Chicken Under A Brick

I've long been intrigued by the idea of cooking chicken "under a brick". I was never inspired to try my hand at it, however, until I realized last night that it was 6:30pm, we were both starving, and roasting that Rocky Jr. in the fridge wouldn't get us to the table until at least 8pm.

Necessity being the mother of invention and all that, I proceeded to rummage around the kitchen and deck looking for a weight heavy enough to pull this off. The two pieces from my Le Creuset Multi-Pot, nestled inside my 4.5 quart Dutch oven, worked nicely.

As I was pulling the chicken out of the oven (40 minutes, people, 40 minutes!), the doorbell rang, and my awesome, wonderful neighbor J was standing there with a bowl full of tomatoes and peaches she'd picked earlier in Brentwood.
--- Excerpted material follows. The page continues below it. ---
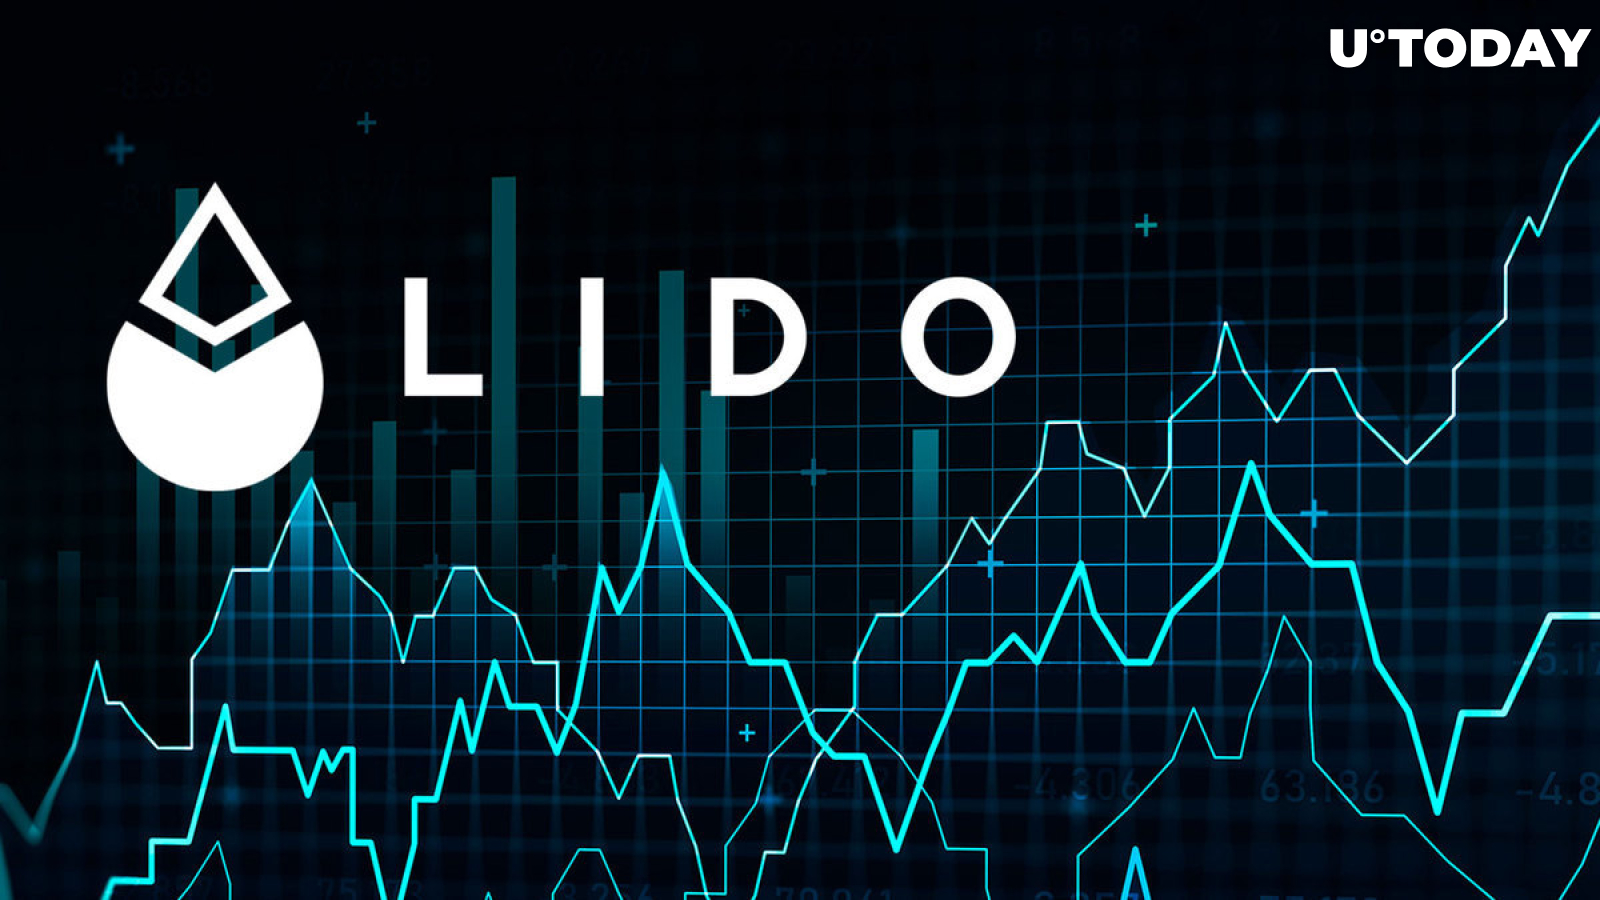 Lido DAO (LDO) Breaks Record With Largest Transaction in Years Worth $135 Million

As the bird rested, I threw together what turned out to be an incredibly delicious salad -- wedges of peach and heirloom tomato, chopped basil, good sea salt and freshly-cracked black pepper, drizzled lightly with olive oil.

Summer never tasted so good.

Chicken Under a Brick

  • 1 3lb bird, the fresher the better, and free-range is best
  • 4T + 2T olive oil
  • 1 medium onion, slivered
  • 1 clove garlic, minced fine
  • 1t sweet paprika
  • Several sprigs fresh rosemary, half of them de-stemmed & chopped fine
  • Several springs fresh thyme, half of them de-stemmed & chopped fine
  • Salt & pepper to taste
  1. Preheat the oven to 450 degrees*.
  2. Butterfly the bird by removing the backbone, and pressing flat. Cut off the first two joints of the wings, and the last joint of both drumsticks to prevent burning.
  3. In a large, flat pan, heat the first 4 tablespoons of olive oil over medium heat and add the onion. Allow to cook a few minutes as you season the chicken.
  4. Make a paste of the remaining olive oil, garlic, paprika, chopped rosemary, chopped thyme, and salt & pepper.
  5. Rub all over the bird, on both sides, coating well.
  6. Tuck the remaining sprigs of rosemary and thyme under the skin, being careful not to tear it.
  7. Turn the stove up to medium-high, and when good and hot, set the chicken, breast-down, in the pan. Set a heavy weight atop the chicken to press it flat.
  8. Cook for 10-12 minutes -- you'll know when it's ready because the smell from the kitchen will cause your husband to begin drooling.
  9. Move the pan (with weights) to the lower rack of the oven, and allow to cook for another 15 or so minutes.
  10. Carefully remove the weights from the chicken, and gently turn it over.
  11. Continue cooking for an additional 10-15 minutes, or until a thermometer inserted in the thigh registers 160 degrees. Alternately, look for the juices to run completely clear. The skin at this point should be a gorgeous golden-brown, and exceedingly crispy.
  12. Remove chicken from the oven, tent with foil for 5 minutes, and cut into quarters (this will be very easy to do).
  13. Serve with salad or roasted potatoes, as you choose.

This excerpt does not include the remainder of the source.